This analysis explore the NOAA Storm Database to answer the following questions:
The analysis consists of two steps:
First we load the data.
if(!exists("storm_data")) {
storm_data <- read.csv("repdata_data_StormData.csv")
}
We add fatalities and injuries to get the total number of persons touched in their health.
touched <- storm_data[c("EVTYPE", "FATALITIES", "INJURIES")]
touched$total <- touched$FATALITIES + touched$INJURIES
We sum the number by the type of event.
touched_by_event <- aggregate(total ~ EVTYPE, data = touched, sum)
We order the dataset in decreasing number of touched persons.
touched_sorted <- touched_by_event[order(-touched_by_event$total),]
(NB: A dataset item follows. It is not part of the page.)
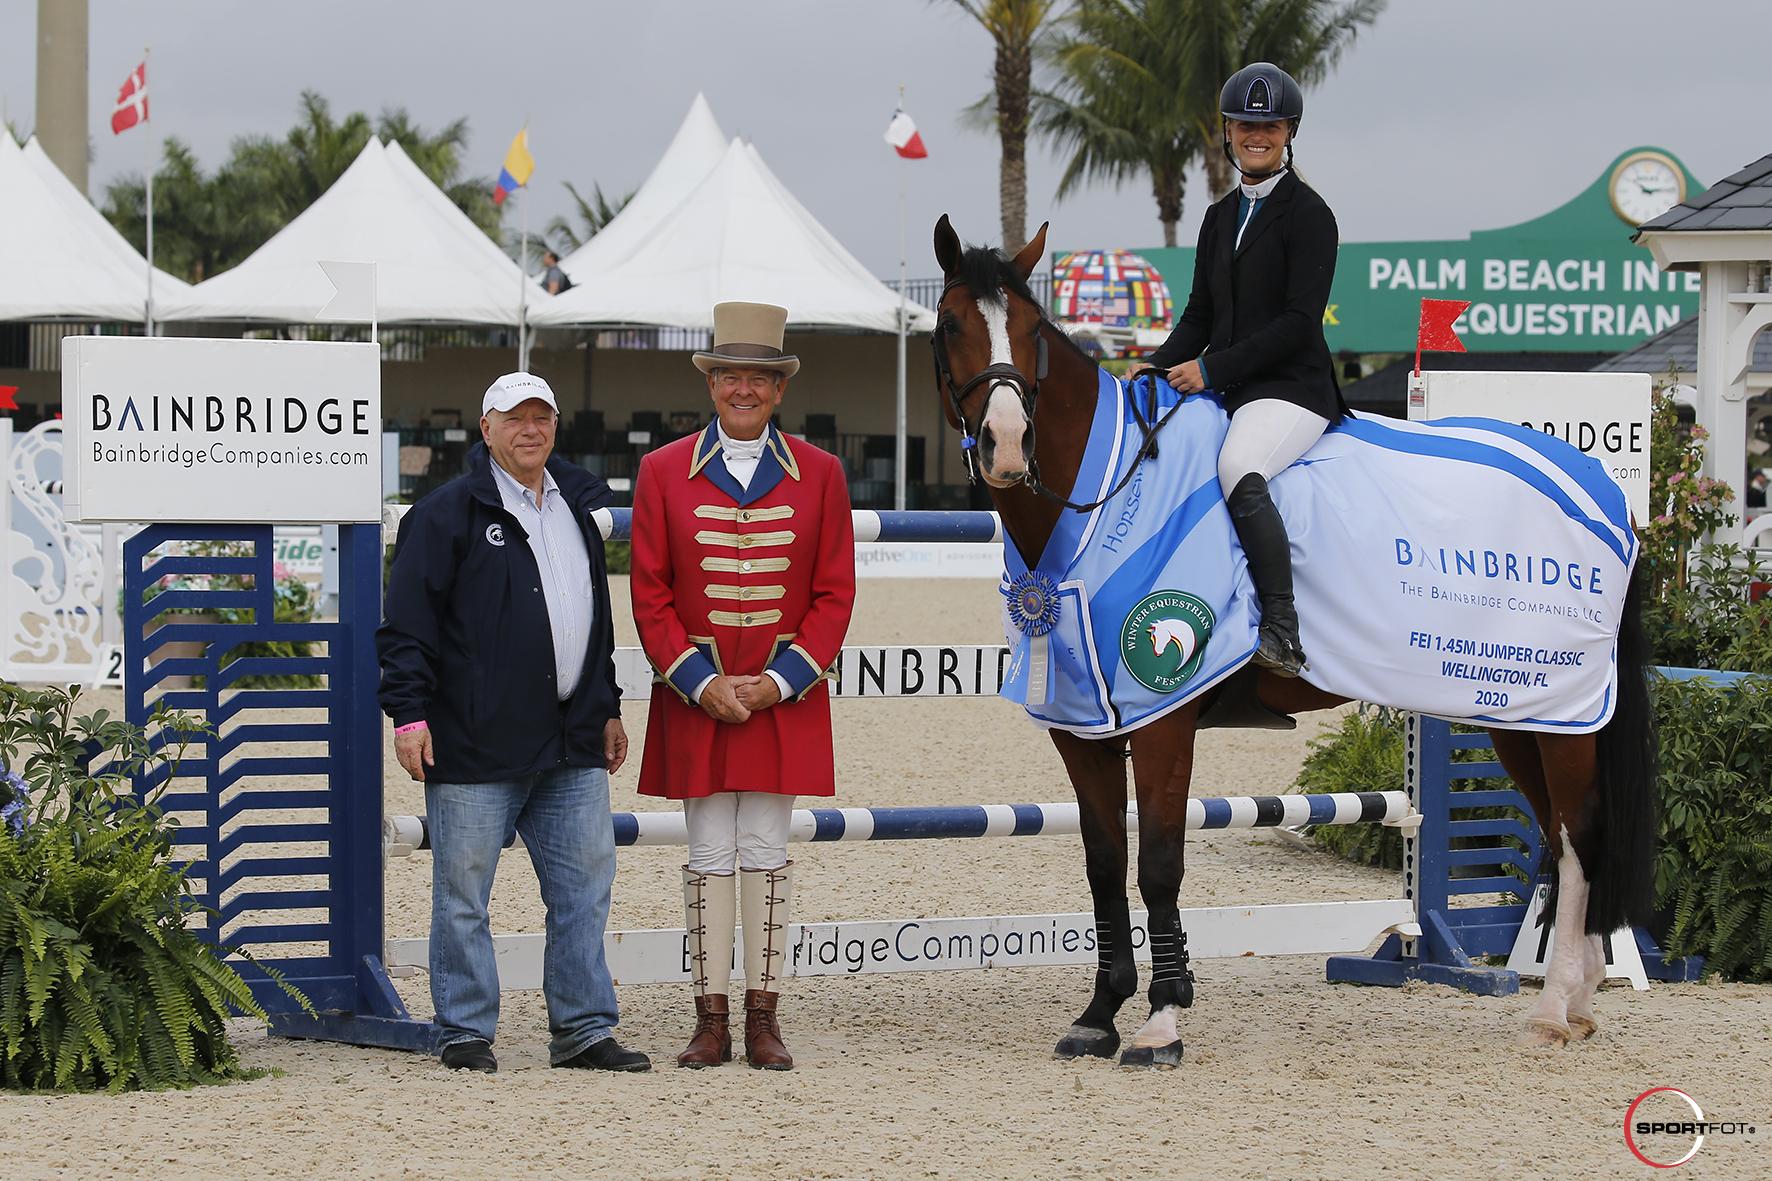 Kristen VanderVeen with Ringmaster Steve Rector and Richard Schechter, Chairman and CEO of Bainbridge Companies

and take the first 10 rows.
most_harmful <- touched_sorted[1:10,]
Fist we define a funkction to convert the damage exponents into a number:
convert_exp_to_number <- function(x) {
switch (x,
"B" = 1000000000,
"8" = 100000000,
"7" = 10000000,
"M" = 1000000,
"m" = 1000000,
"6" = 1000000,
"5" = 100000,
"4" = 10000,
"K" = 1000,
"k" = 1000,
"3" = 1000,
"H" = 100,
"h" = 100,
"2" = 100,
"1" = 10,
0
)
}
We create a dataframe with the damage colums:
damage <- storm_data[c("EVTYPE", "PROPDMG", "PROPDMGEXP", "CROPDMG", "CROPDMGEXP")]
and use the convertion function to convert the exponents into numbers
prodmgmult = sapply(as.character(damage$PROPDMGEXP), convert_exp_to_number)
cropdmgmult = sapply(as.character(damage$PROPDMGEXP), convert_exp_to_number)
Now we can calculate the total damage:
damage$total <- damage$PROPDMG * prodmgmult + damage$CROPDMG * cropdmgmult
We sum the damage by the type of event.
damage_by_event <- aggregate(total ~ EVTYPE, data = damage, sum)
We order the dataset in decreasing number of touched persons.
damage_sorted <- damage_by_event[order(-damage_by_event$total),]
and take the first 10 rows.
highest_damage <- damage_sorted[1:10,]